Вы, конечно, не потребуете от меня, чтобы я в самый первый день личного моего знакомства с Лафатером описал вам душу и сердце его. На сей раз могу сказать единственно то, что он имеет весьма почтенную наружность: прямой и стройный стан, гордую осанку, продолговатое бледное лицо, острые глаза и важную мину. Все его движения живы и скоры; всякое слово говорит он с жаром. В тоне его есть нечто учительское или повелительное, происшедшее, конечно, от навыка говорить проповеди, но смягчаемое видом непритворной искренности и чистосердечия. Я не мог свободно говорить с ним, первое, потому, что он, казалось, взором своим заставлял меня говорить как можно скорее, а второе, потому, что я беспрестанно боялся не понять его, не привыкнув к цирихскому выговору.
Пришедши в свою комнату, почувствовал я великую грусть и, чтобы не дать ей усилиться в моем сердце, сел писать к вам, любезные, милые друзья мои!

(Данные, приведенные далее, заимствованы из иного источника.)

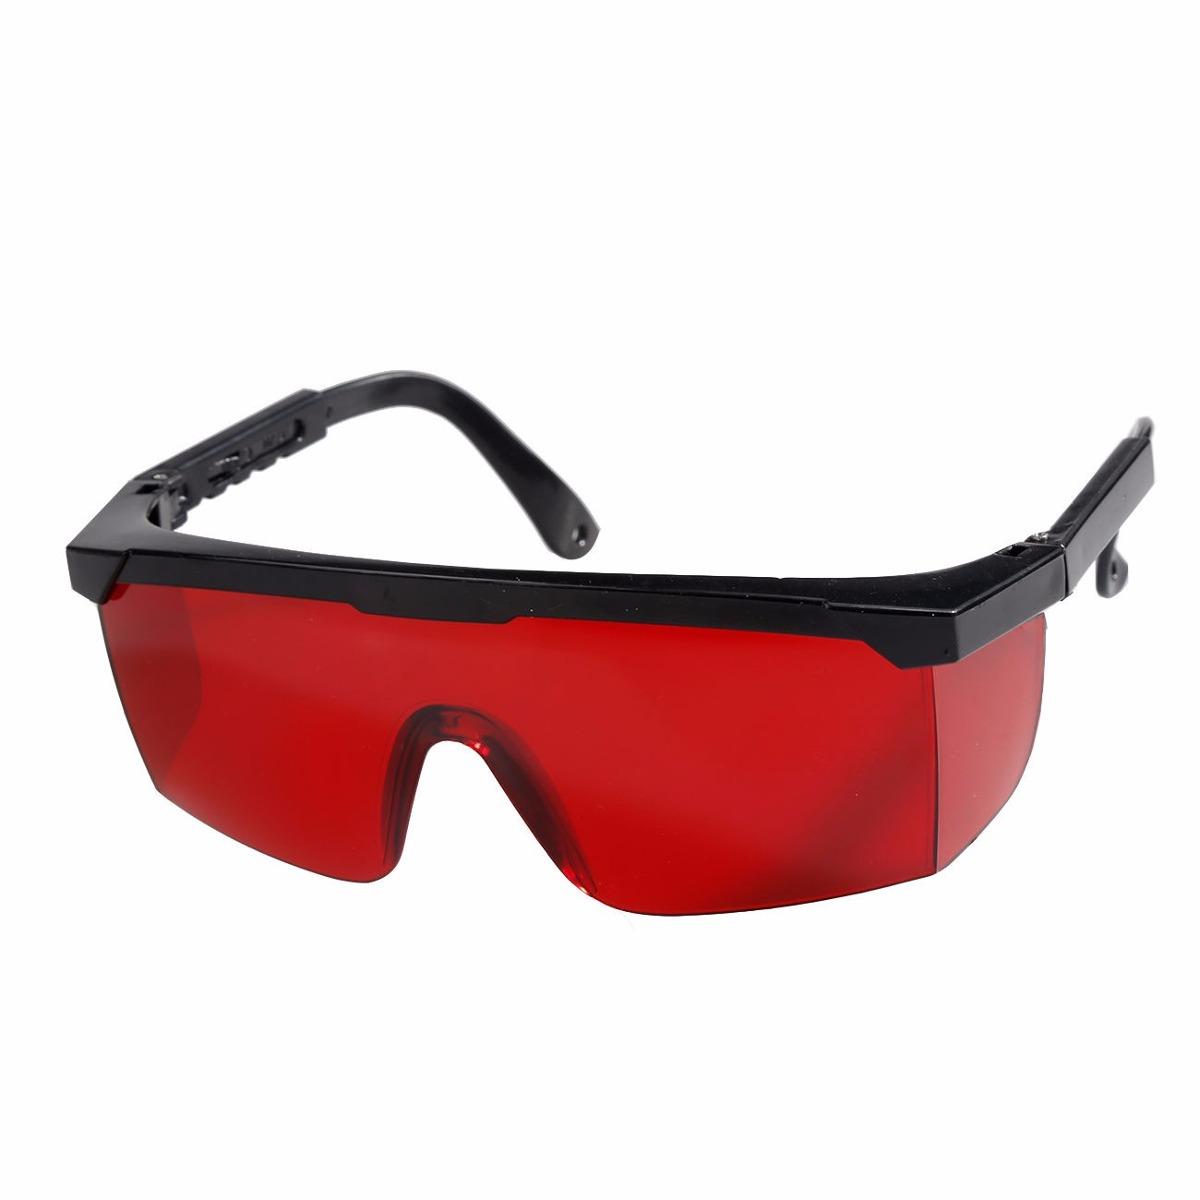 ca7f578e4f gafas lentes laser aumento visibilidad medidores bosch m0005. Cargando zoom.

Для того чтобы узнать всю привязанность нашу к отечеству, надобно из него выехать; чтобы узнать всю любовь нашу к друзьям, надобно с ними расстаться.
Какая приятная, тихая мелодия нежно потрясает нервы моего слуха! Я слышу пение; оно несется из окон соседнего дома. Это голос юноши – и вот слова песни:
"Отечество мое! Любовию к тебе горит вся кровь моя; для пользы твоей готов ее пролить; умру твоим нежнейшим сыном.

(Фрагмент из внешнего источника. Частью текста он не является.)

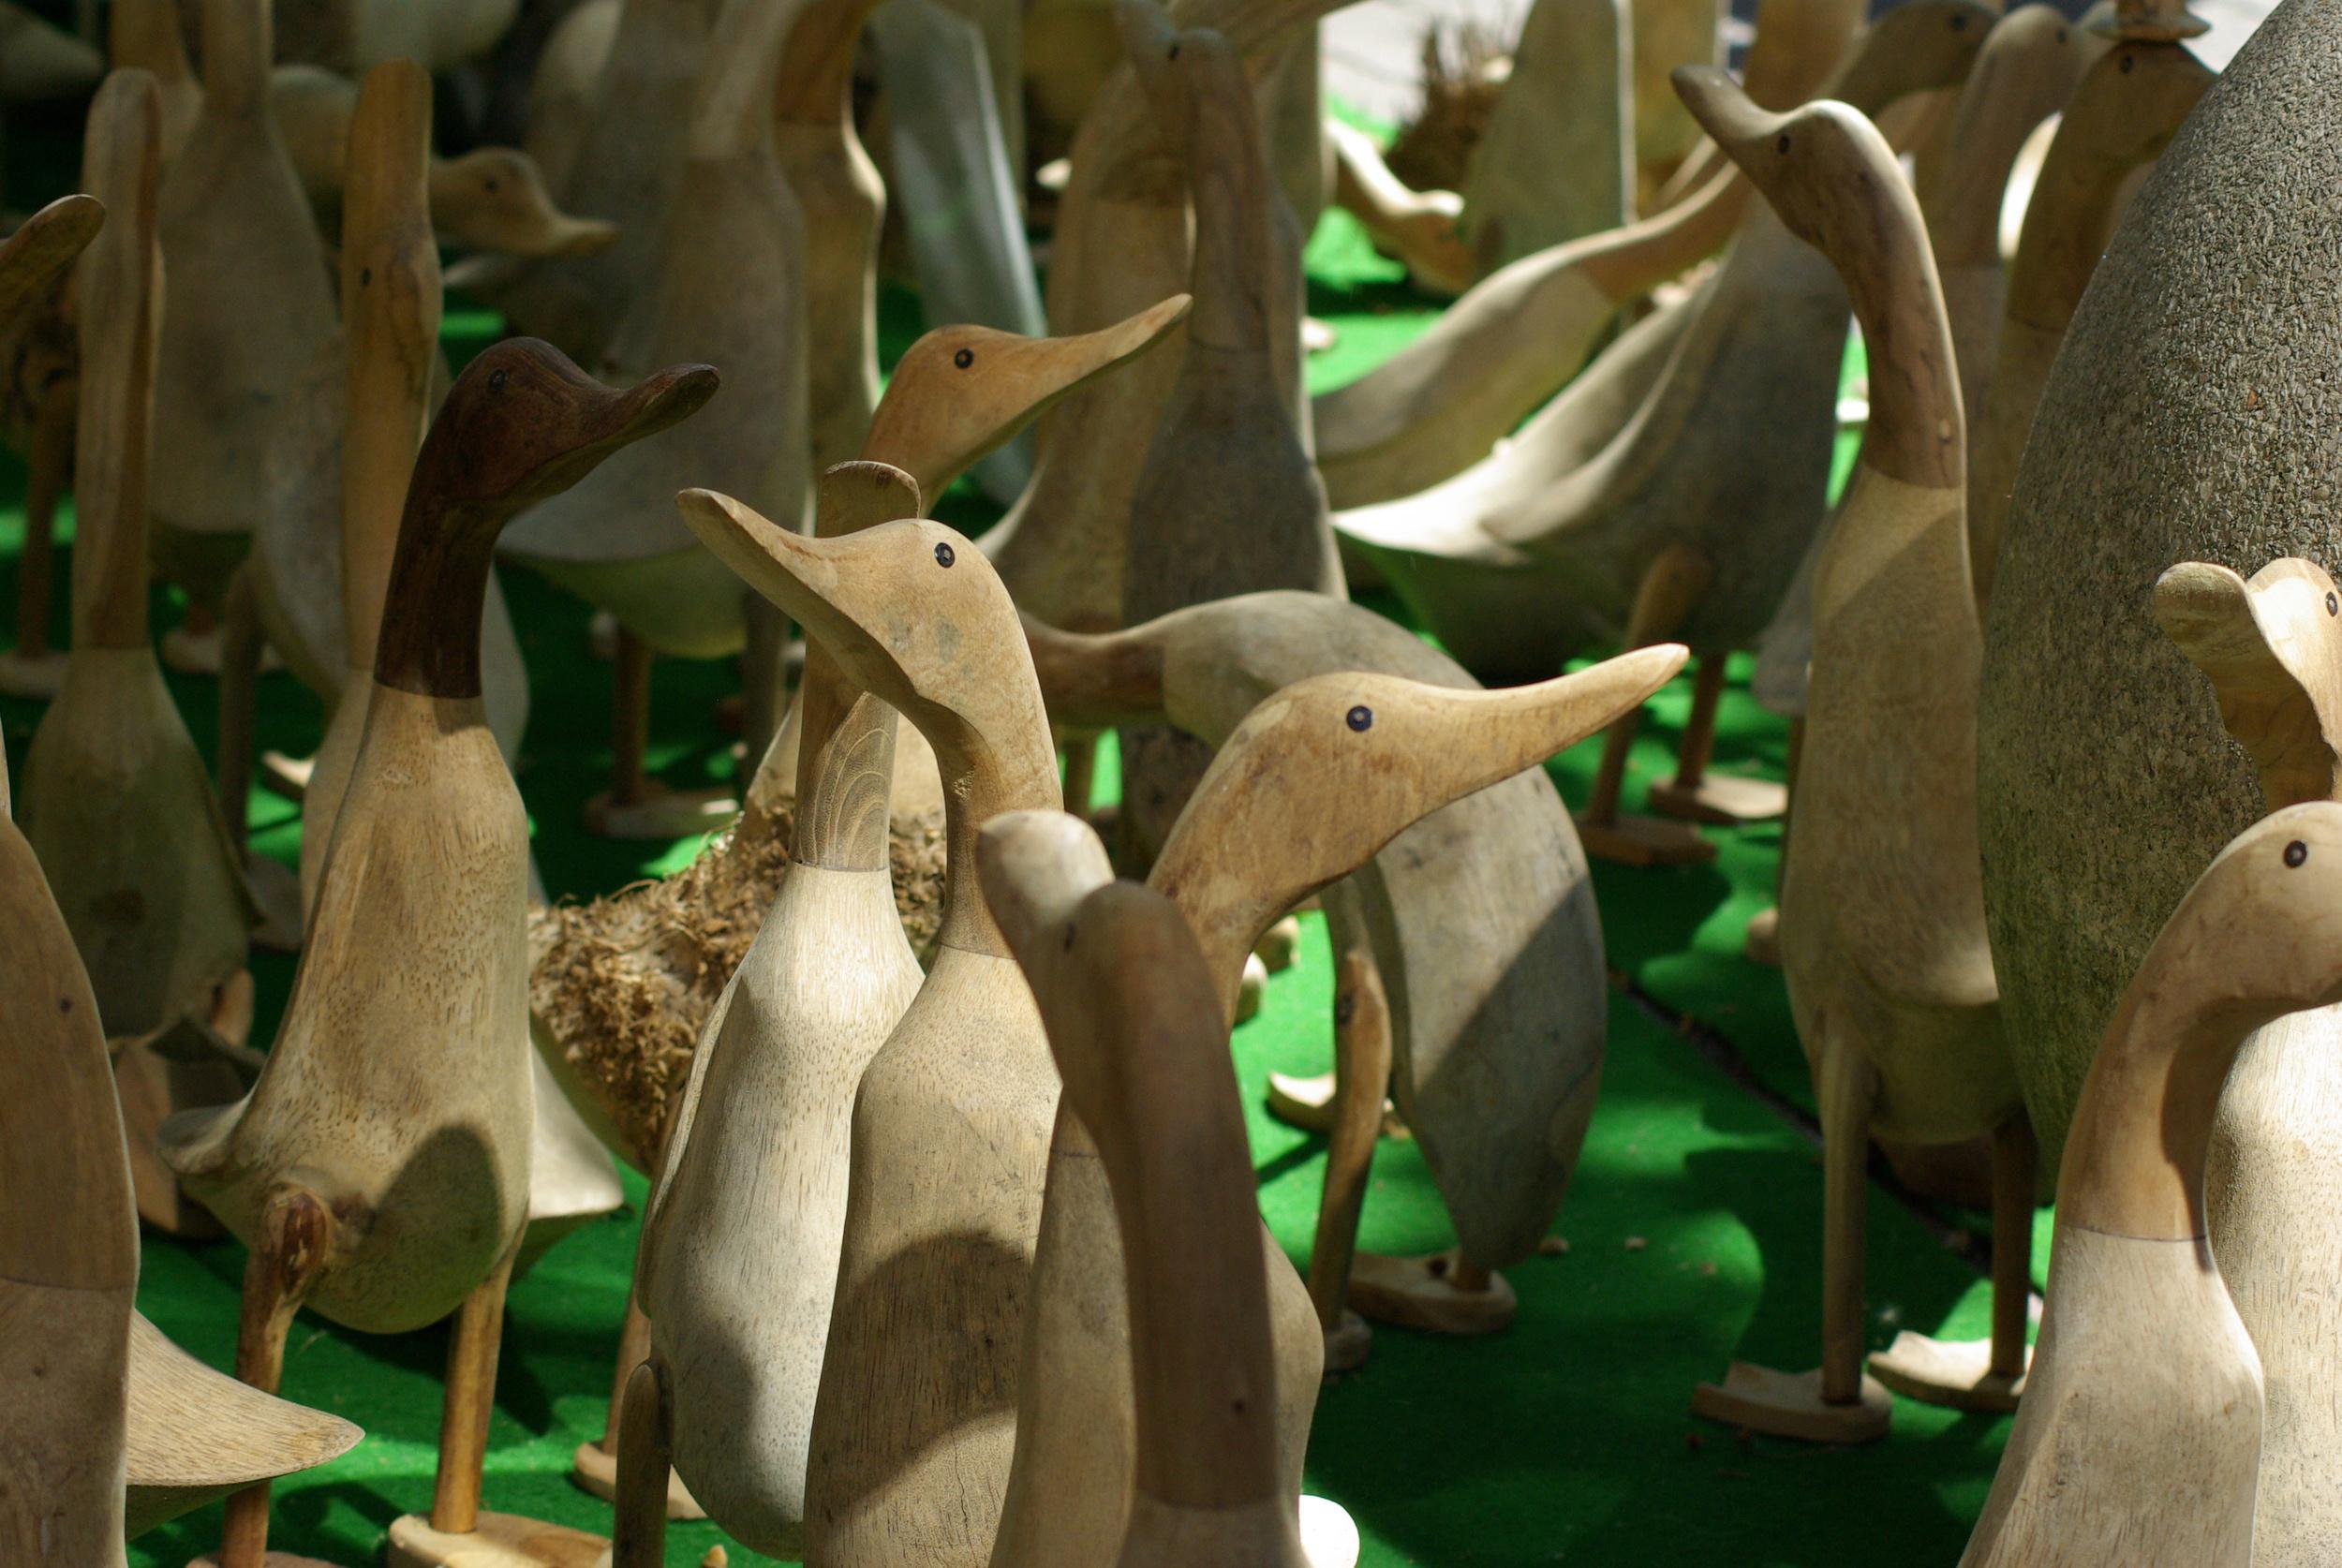 Ducks - Many

Отечество мое! Ты все в себе вмещаешь, чем смертный может наслаждаться в невинности своей. В тебе прекрасен вид природы; в тебе целителен и ясен воздух; в тебе земные блага рекою полною лиются.

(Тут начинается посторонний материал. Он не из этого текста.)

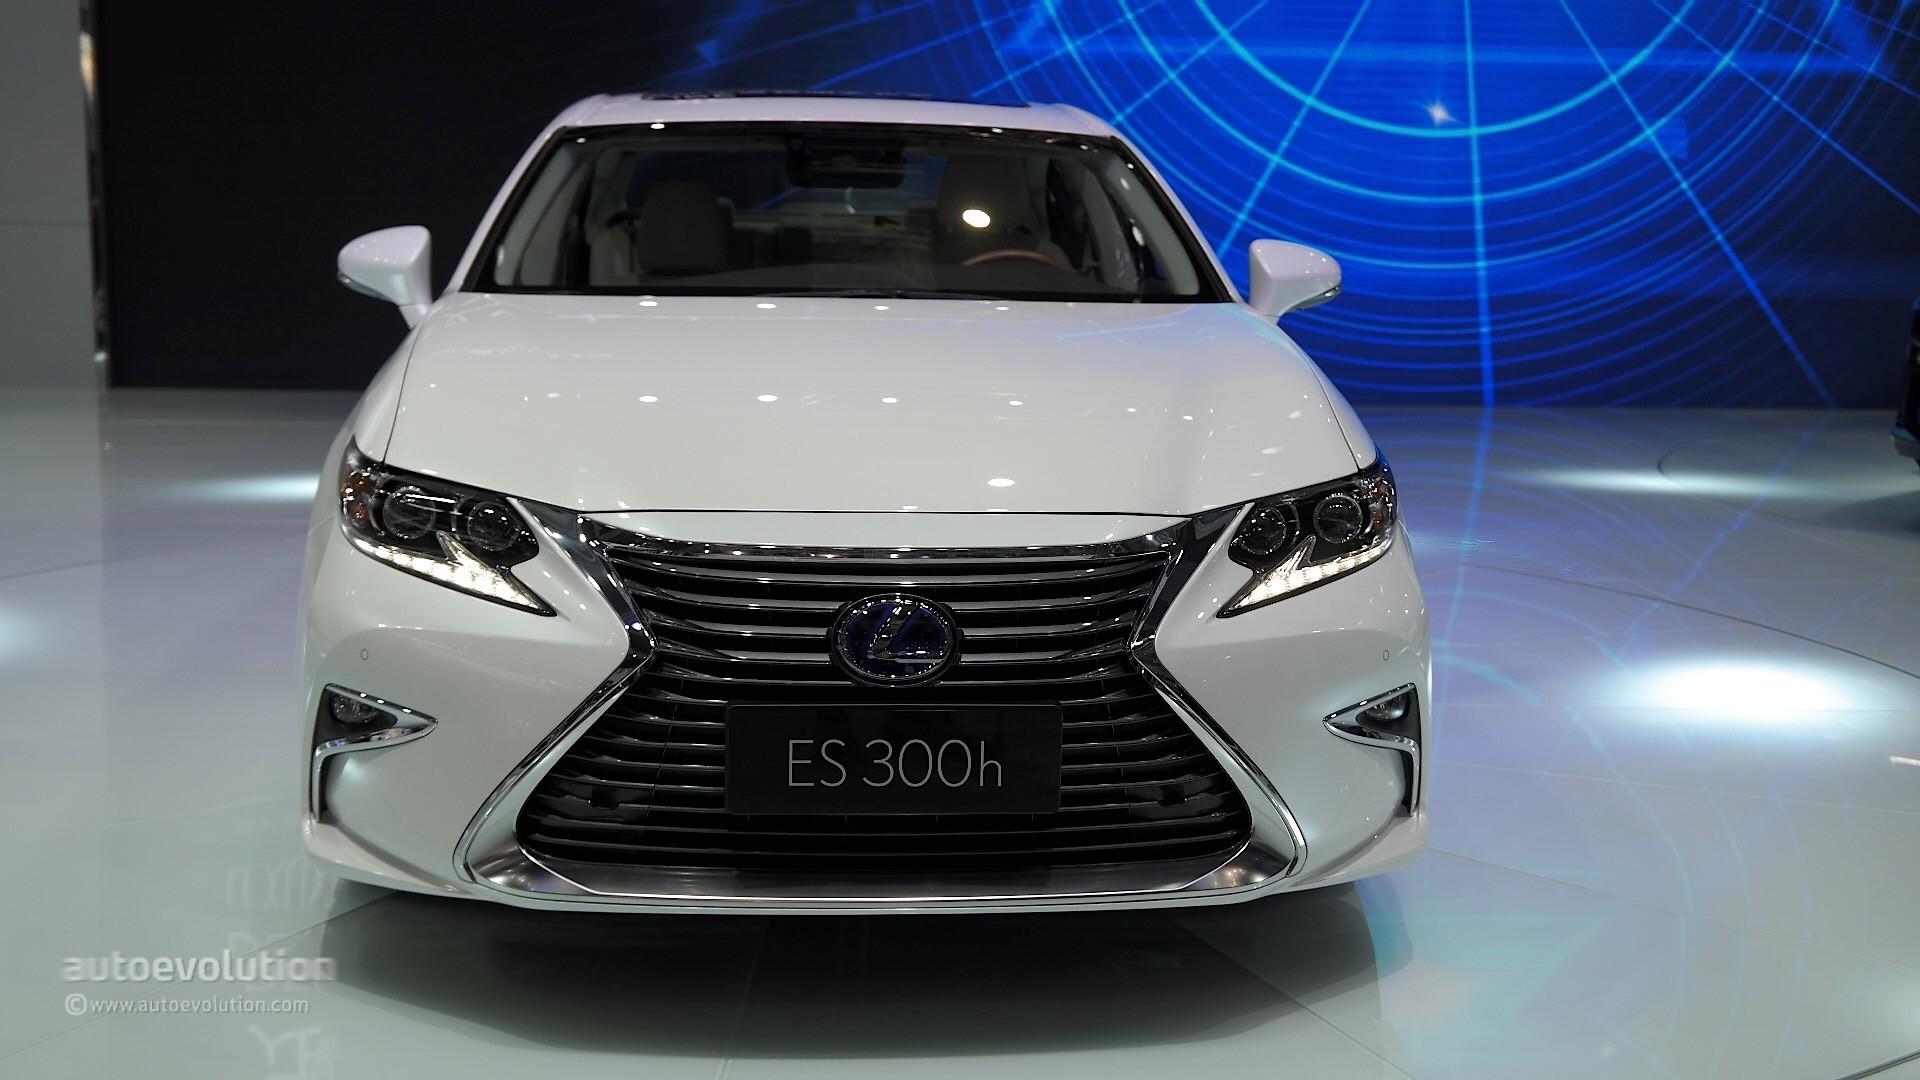 Luxury Car Pictures Wallpaper 2016 Lexus Es Facelift Is Full Of Self Esteem At Auto

Отечество мое! Любовию к тебе горит вся кровь моя; для пользы твоей готов ее пролить; умру твоим нежнейшим сыном.
Мы все живем в союзе братском; друг друга любим, не боимся и чтим того, кто добр и мудр. Не знаем роскоши, которая свободных в рабов, в тиранов превращает. На что нам блеск искусств, когда природа здесь сияет во всей своей красе – когда мы из грудей ее пием блаженство и восторг?
Отечество мое! Любовию к тебе горит вся кровь моя; для пользы твоей готов ее пролить; умру твоим нежнейшим сыном".
Голос умолк; тишина ночи царствует в городе. Простите, друзья, мои!
11 августа, в 10 часов
Пришедши в одиннадцать часов к Лафатеру, нашел я у него в кабинете жену владетельного графа Штолберга, которая читала про себя какой-то манускрипт, между тем как хозяин (NB: в пестром своем шлафроке) писал письма. Через полчаса комната его наполнилась гостями. Всякий чужестранец, приезжающий в Цирих, считает за должность быть у Лафатера. Сии посещения могли бы иному наскучить, но Лафатер сказал мне, что он любит видеть новых людей и что от всякого приезжего можно чему-нибудь научиться. Он повел нас к своей жене, где пробыли мы с час – поговорили о французской революции и разошлись. После обеда я опять пришел к нему и нашел его опять занятого делом. К тому же всякую четверть часа кто-нибудь входил к нему в кабинет или требовать совета, или просить милостыни. Всякому отвечал он от сердца и давал что мог. Между тем я познакомился с живописцем Липсом, который недавно приехал из Италии и живет у него в доме. К нам пришел еще Пфенингер, с которого Липс начал списывать портрет и с которым мы проговорили до самого вечера; а хозяин ушел от нас в четыре часа и не возвращался.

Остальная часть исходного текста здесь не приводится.